[Infowarrior] - Bush Nominates Three to Empty Privacy Board

Richard Forno rforno at infowarrior.org
Sat Mar 1 03:50:10 UTC 2008


Bush Nominates Three to Empty Privacy Board
By Ryan Singel EmailFebruary 29, 2008 | 8:21:30 PMCategories: Privacy

http://blog.wired.com/27bstroke6/2008/02/bush-nominates.html

A newly independent Privacy and Civil Liberties Oversight Board may soon
actually have members again, after sitting empty for nearly a full month.

On Thursday, President Bush took the first step to fill vacancies on the
Board as he nominated 3 people, including a chairman, to fill some of the
five seats.

Bush allowed the board to be emptied on January 30, even as he pushed
Congress to grant him wide powers to install blanket wiretap orders inside
the United States.

Bush nominated Daniel Sutherland, the current civil liberties officer at the
Department of Homeland Security, to head the commission for the next six
years. Ronald Rotunda, a George Mason University law professor known for his
bow ties and for work on the Senate Watergate Commission, was nominated to
join the board for an initial four-year term, while Francis X. Taylor, who
previously served on the board, was re-nominated for a two-year term.

Sutherland's main work at DHS involved convincing Muslims and minorities
that DHS does not racially profile. Privacy issues with programs are handled
by the chief privacy officer Hugo Teufel.

The nominations will need to get through the Senate Homeland Security
committee and confirmed by the full Senate.
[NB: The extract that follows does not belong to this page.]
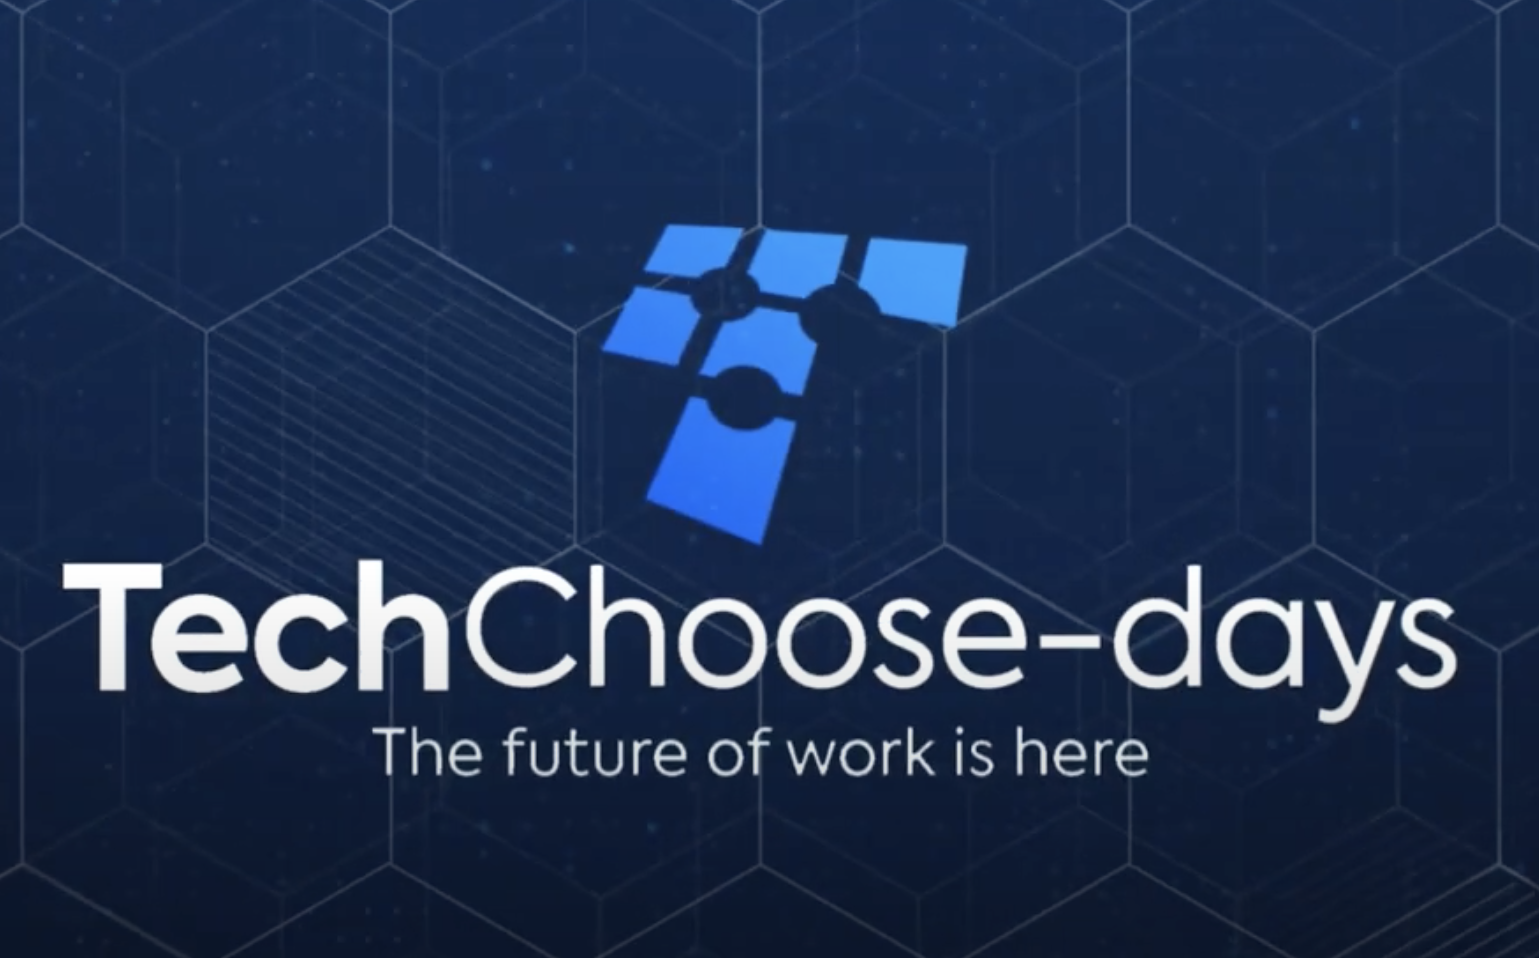 techchoose-days the future of work is here banner

In a 2007 measure implementing 9/11 Commission recommendations, Congress
reconfigured the oversight committee, known as the Privacy and Civil Liberty
Oversight Board. The intent was to make the board more independent of the
White House, require it to be bipartisan and make it more accountable to the
public.

Those changes came after civil-liberties groups blasted the board for a lack
of independence and relevance.

Former Board chairwoman Carol Dinkins formerly served as a campaign
treasurer for President Bush and was a partner at the same law firm as
former Attorney General Alberto Gonzales. Also appointed to the board was
formidable lawyer Ted Olson, who was named solicitor general after winning
the Bush v. Gore case that settled the 2000 election dispute, and whose wife
died in the 9/11 attacks.

Lanny Davis -- the board's sole Democrat -- resigned in May 2007 to protest
edits the White House made to the board's 2007 annual report to Congress.